Additional beverages in Chadian cuisine include:
- Fruit juices
- Gala is a beer brewed in Chad
- Jus de fruit is a traditional beverage prepared with mango, milk, sugar and cardamom powder.
- Milk
- Soft drinks

== International representation ==
Chadian cuisine has made its way into the international culinary scene. The globalization of food, travel, and the Chadian diaspora have all contributed to the spread of Chadian cuisine outside of Chad. In cities with significant African communities, such as Paris, London, and New York, Chadian dishes can sometimes be found in African restaurants or at cultural events.

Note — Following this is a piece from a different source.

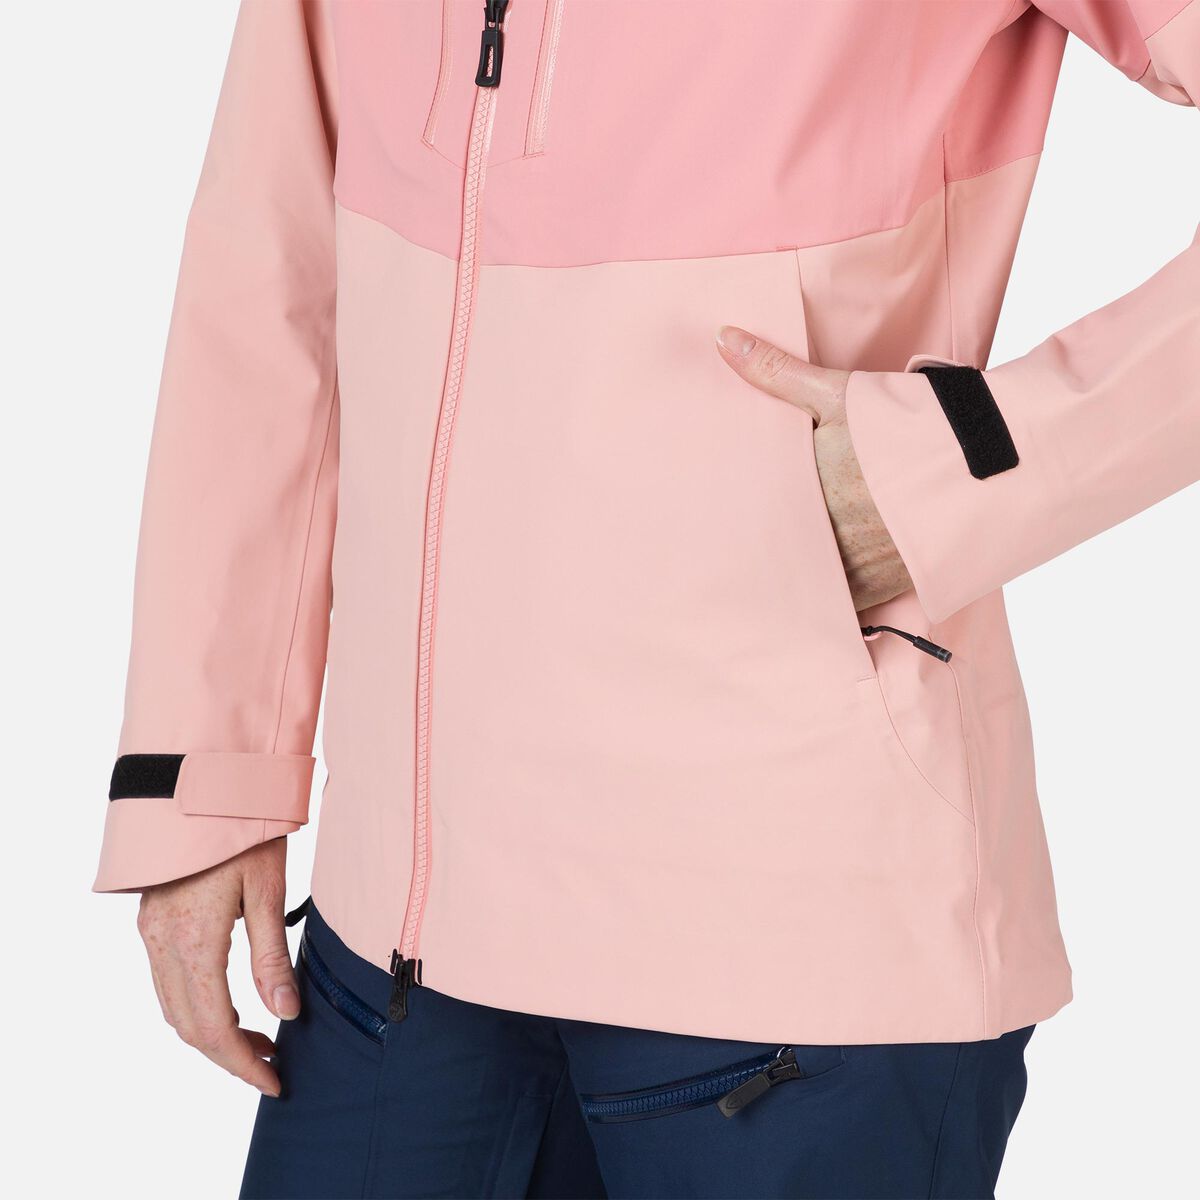 Rossignol Women's Rallybird Ski Jacket pinkpurple

Some popular Chadian dishes that have gained recognition abroad include:

- Daraba: A vegetarian stew made from okra, tomatoes, and peanut butter, often served with rice or a type of porridge called "boule."
- Dried fish: A common ingredient in Chadian cuisine, dried fish is often used to add flavor to various stews and soups.
- Grilled meats: Grilled meats, such as goat or chicken, are a popular food in Chad, and can be found at roadside stalls and restaurants.
- Boule: A thick porridge made from grains like millet, sorghum, or maize, often served with a sauce or stew.
- La Bouillie: A sweet porridge made from rice or millet flour, sugar, and water, often flavored with ingredients like peanuts, coconut, or tamarind.